Posso fare questa modifica in tranquillita?? Intendo dire senza fare targizzipponi, come ho letto in altri 3ds, e fare lo stage4, oppure mi tocca proprio!

Ho anke pensato ke potrei direttamente ridurre la home di tipo 10 Gb e creare subito dopo una partizione reiser di uguale grandezza dove montarci tipo /usr...

Ke ne dite  :Question:   :Question: 

Qual'e' secondo voi la soluzione migliore  :Question:   :Question:   E soprattutto.... quali strumenti posso usare per modificare la dimensione delle partizioni  :Question:   :Question: 

Grazie mille in anticipo!!!!

 :Razz:   :Razz:   :Razz: 

----------

## Cazzantonio

Esistono, come tu stesso hai affermato, migliaia di post, ma che dico... miliardi di post che trattano lo stesso identico argomento...  :Rolling Eyes: 

Sicuro di non poterne riesumare uno vecchio per chiedere informazioni?  :Rolling Eyes: 

----------

## CheCk_OuTSidE

Ok...

dopo ci guardo...

Adesso pappa!!!!!

 :Very Happy:   :Very Happy:   :Very Happy: 

----------

## fedeliallalinea

 *CheCk_OuTSidE wrote:*   

> Posso fare questa modifica in tranquillita?? Intendo dire senza fare targizzipponi, come ho letto in altri 3ds, e fare lo stage4, oppure mi tocca proprio!

 

Io i backup li farei in ogni caso, meglio stare siuri

 *CheCk_OuTSidE wrote:*   

> dopo ci guardo... 

 

Gia' fatto io. Ho mergiato il tuo post con questo thread

----------

## CheCk_OuTSidE

Grazie fedeli....

mo'h provo ad emergiare sto' qtparted...e vedo cosa dice il man...

CHissa'!!!

A dopo!! Speriamo bene... al massimo mi reinstallo la gentoo dallo stage 1....  :Wink: 

----------

## .:deadhead:.

(at) tutti

Ma il problema non si risolve molto semplicemente targizzando e salvando in luogo sicuro il file ottenuto, per poi scompattarlo a gioco di partizioni concluso?
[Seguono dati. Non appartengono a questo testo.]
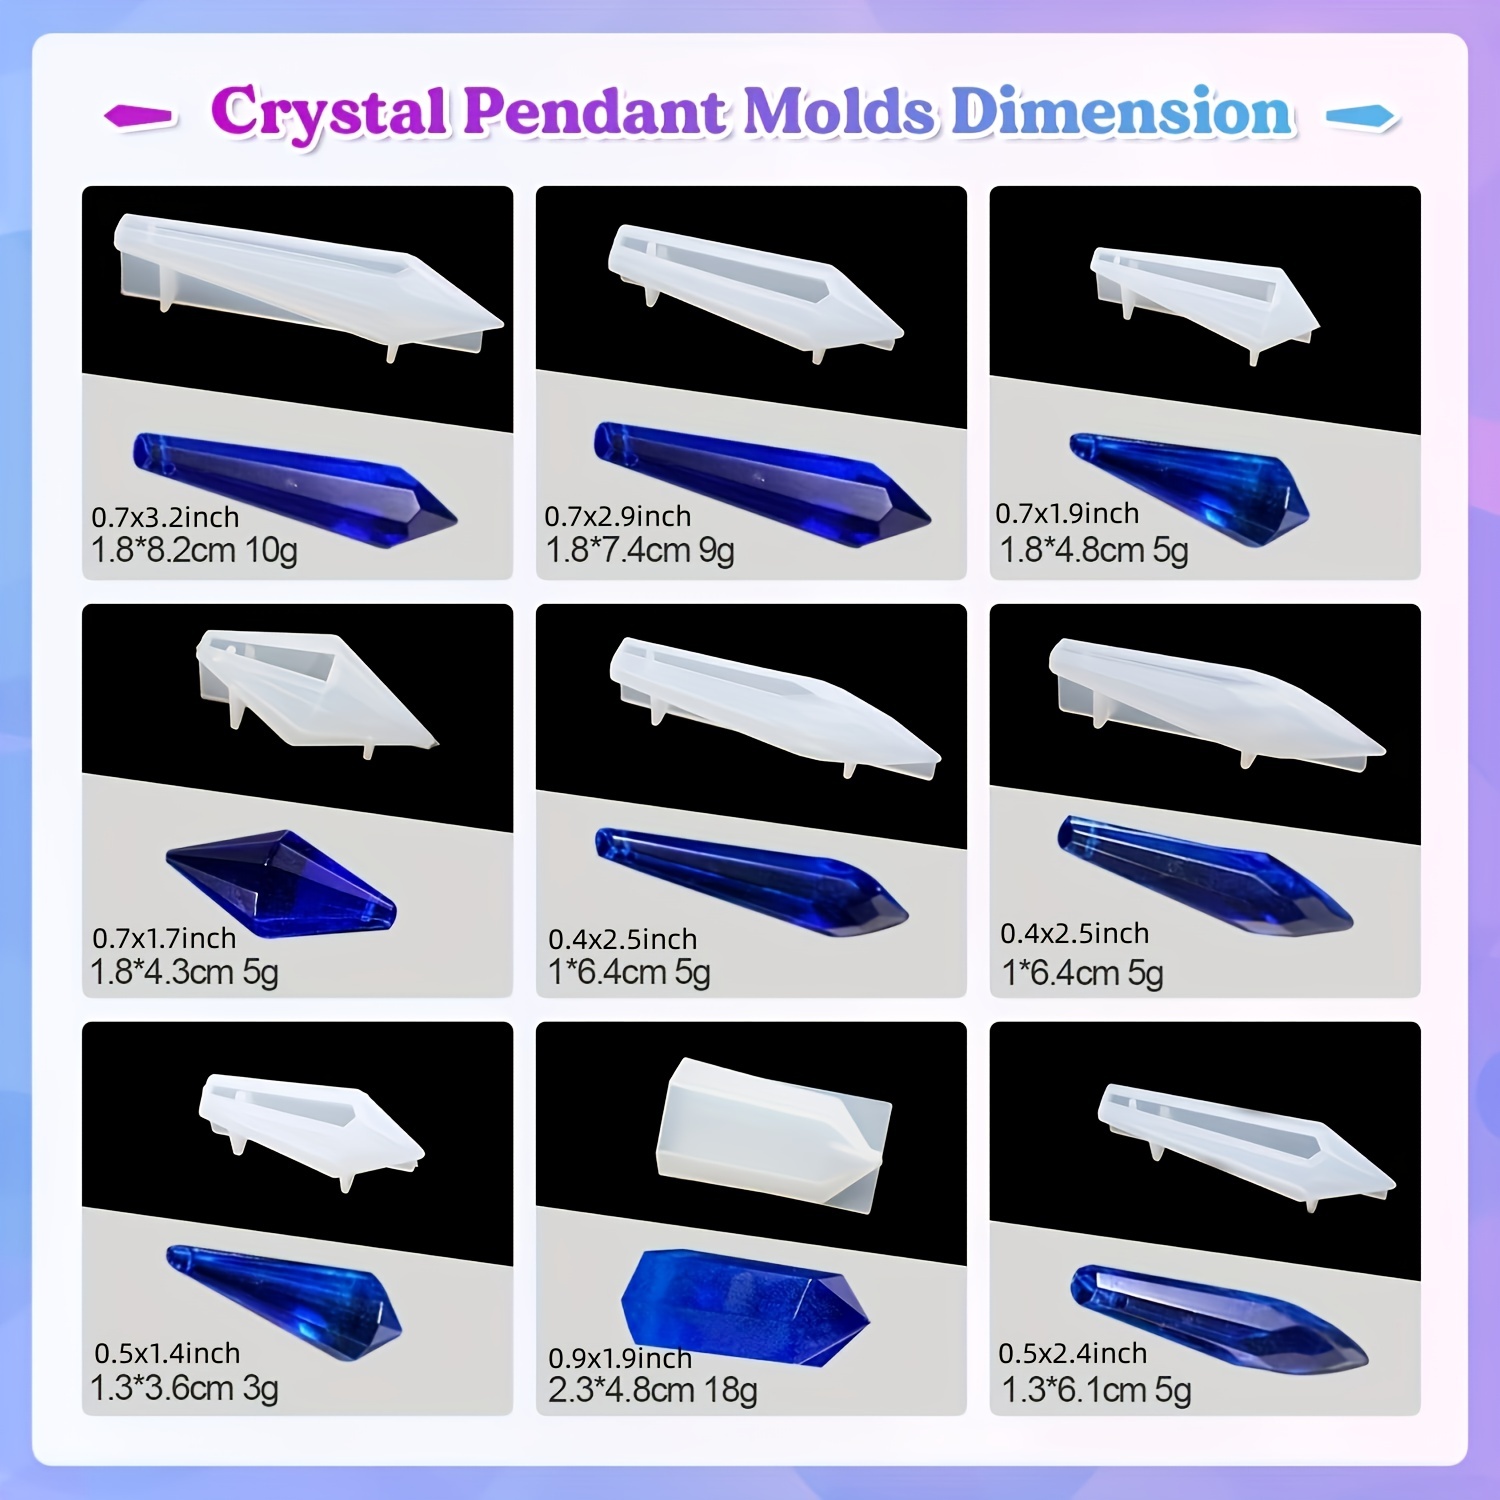 Resin Epoxy Molds 3D Pendulum Crystal Molds for Resin,silicone Molds for  Resin Casting,multi-facet Gemstone Resin Jewelry Molds 
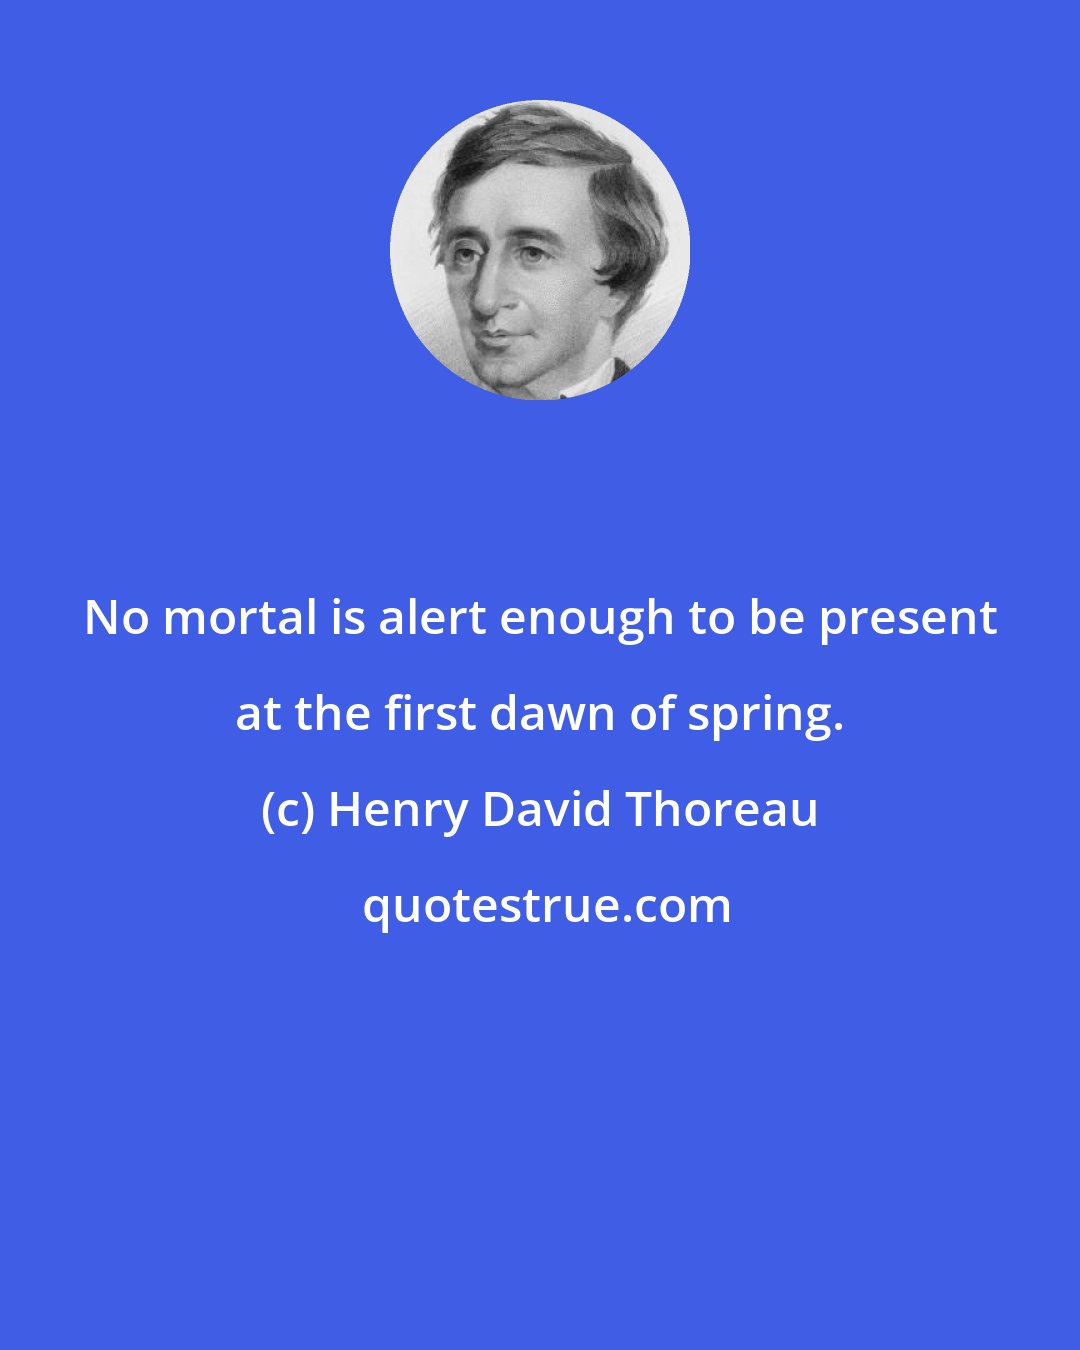 Henry David Thoreau: No mortal is alert enough to be present at the first dawn of spring.

Alla fine, salvati i dati, si distrugge e poi si ricrea la/le partizioni e si scompatta il mega TAR precedentemente creato

(at) fede

ma per fare quel che vuoi tu (SwSuspend) il calcolo da fare non era $RAM+$RAM_sk_VIDEO+%un po' di MEGA ?

ergo mi sa che si va nell'ordine dei 100 Mb, o mi son perso qualche cosa?

----------

## CheCk_OuTSidE

Ho provato ad usare QtParted per modificare le mie partizione reiserfs... ma non si puo'.. disabilita' proprio l'opzione quando si scelgono quelle partizioni..

Uffa!!

Devo proprio farmi il targizzippone e poi rifare le partizioni??? Ho una cifra di roba... non passerebbe piu'!! e soprattutto nn ho spazio!!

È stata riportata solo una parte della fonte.